SPORTSCIENCE · sportsci.org

News & Comment / In Brief

Reviewers: Alan M Batterham, Department of Sport and Exercise Science, University of Bath, Bath BA2 7AY, UK; Caroline Burge, School of Medicine, University of Queensland, Brisbane 4006, Australia;   Keith Davids, Department of Exercise and Sport Science, Manchester Metropolitan University, Alsager, Cheshire ST7 2HL, UK;  John A Hawley, Division of Exercise Sciences, RMIT University, Victoria 3083, Australia.

 

·    Clinical vs Statistical Significance. Likelihoods of clinical or practical benefit and harm are superior to the p value that defines statistical significance. Reviewer's comment

·    Qualitative vs Quantitative Research Designs. What's happened here vs what's happening generally. Reviewer's comment

·    A Ban on Caffeine? Coffee, tea, Coke, and chocolate are off the athlete's menu in this unrealistic proposal.
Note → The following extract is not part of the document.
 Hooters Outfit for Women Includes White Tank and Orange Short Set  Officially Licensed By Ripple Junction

·    Editorial: Anti-Spamming Strategies.  Guard your email address to reduce junk messages.

Reprint pdf · Reprint doc

 

Clinical vs Statistical Significance
Will G Hopkins, Physiology and Physical Education, University of Otago, Dunedin 9001, New Zealand. Email. Sportscience 5(3), sportsci.org/jour/0103/inbrief.htm#clinical, 2001 (630 words)
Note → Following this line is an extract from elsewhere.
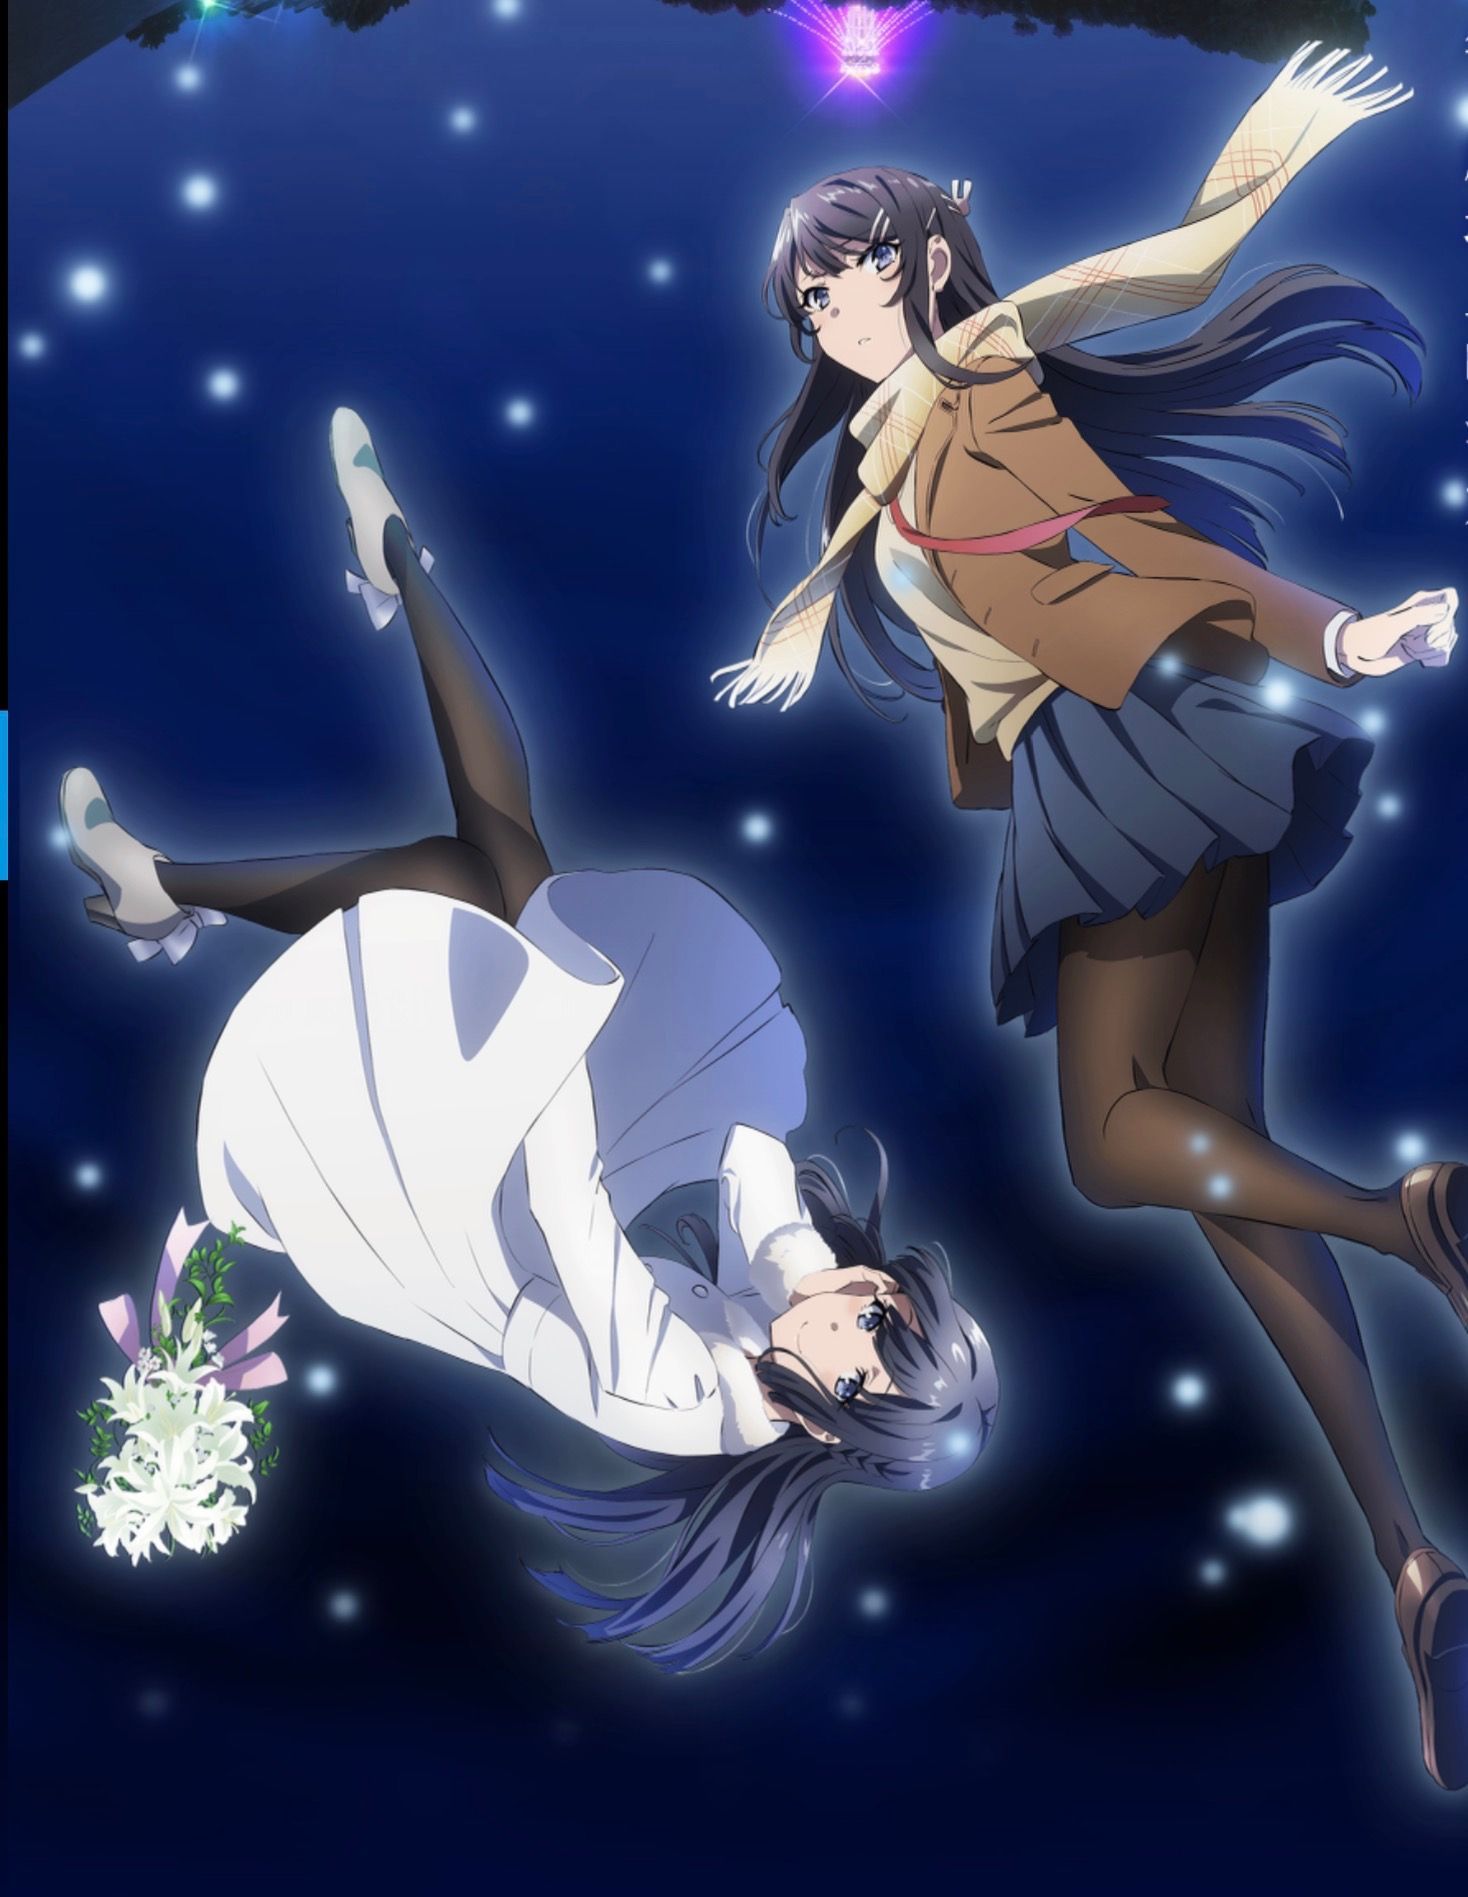 Image Result For Rascal Does Not Dream Of Bunny Girl Senpai Art

You have spent many months and many thousands of dollars studying an effect.  You have analyzed the data in a new manner that takes into account clinical or practical significance.  Here is the outcome of the analysis for the average person in the population you studied:  an 80% chance the effect is clinically beneficial, a 15% chance that it has only a clinically trivial effect, and a 5% chance that it is clinically harmful. Should you publish the study?  I think so.  The effect has a good chance of helping people.  Indeed, it has 16 times more chance of helping than of harming.  If you think that the 80% chance of helping is too low or that the 5% risk of harming is too high (it will depend on the nature of the help and harm), you could get more data before you publish.  But if there's no more money or time for the project, publish what you've got.  Other researchers can do more work and meta-analyze all the data to increase the disparity between the likelihoods of help and harm. 

Will the editor of a journal accept your data for publication?  To make that decision, the editor will send your article to one or more so-called peer reviewers, who are usually other researchers active in your area.  Most reviewers base their decisions on statistical significance, which they know has something to do with the effect being real.  Statistical significance is defined by a probability or p value.  The smaller the p value, the less likely the effect is just a fluke.  When the p value is less than 0.05, you can call the result statistically significant. Your article is much more likely to be accepted when p=0.04 than when p=0.06.

So what is the p value for the above data?  Incredibly, it's 0.20.  Check for yourself on the spreadsheet for confidence limits, which I have recently updated to include likeli­hoods of clinically important and trivial effects for normally distributed outcome statistics.  To work out these likelihoods, you need to include the smallest clinically important positive and negative value of the effect you have been studying.  In this example I chose ±1.0 units.  I made the observed value of the effect 3.0 units–obviously clinically important as an observed value, but at issue is the likelihood that the true value (the average value in the population) is clinically important.  You will also have to include a number for degrees of freedom; I chose 38 (as in, for example, a randomized controlled trial with 20+20 subjects), but the estimates of likelihood are insensitive to all but really small degrees of freedom.  Finally, of course, you will need the p value, here 0.20.  You can get even more excitingly non-significant findings with smaller p values.  For example, changing p to 0.10 makes the likelihoods 87%, 12% and 2% for help, triviality, and harm respectively. Yet even these data would be rejected by most reviewers and editors, because p>0.05.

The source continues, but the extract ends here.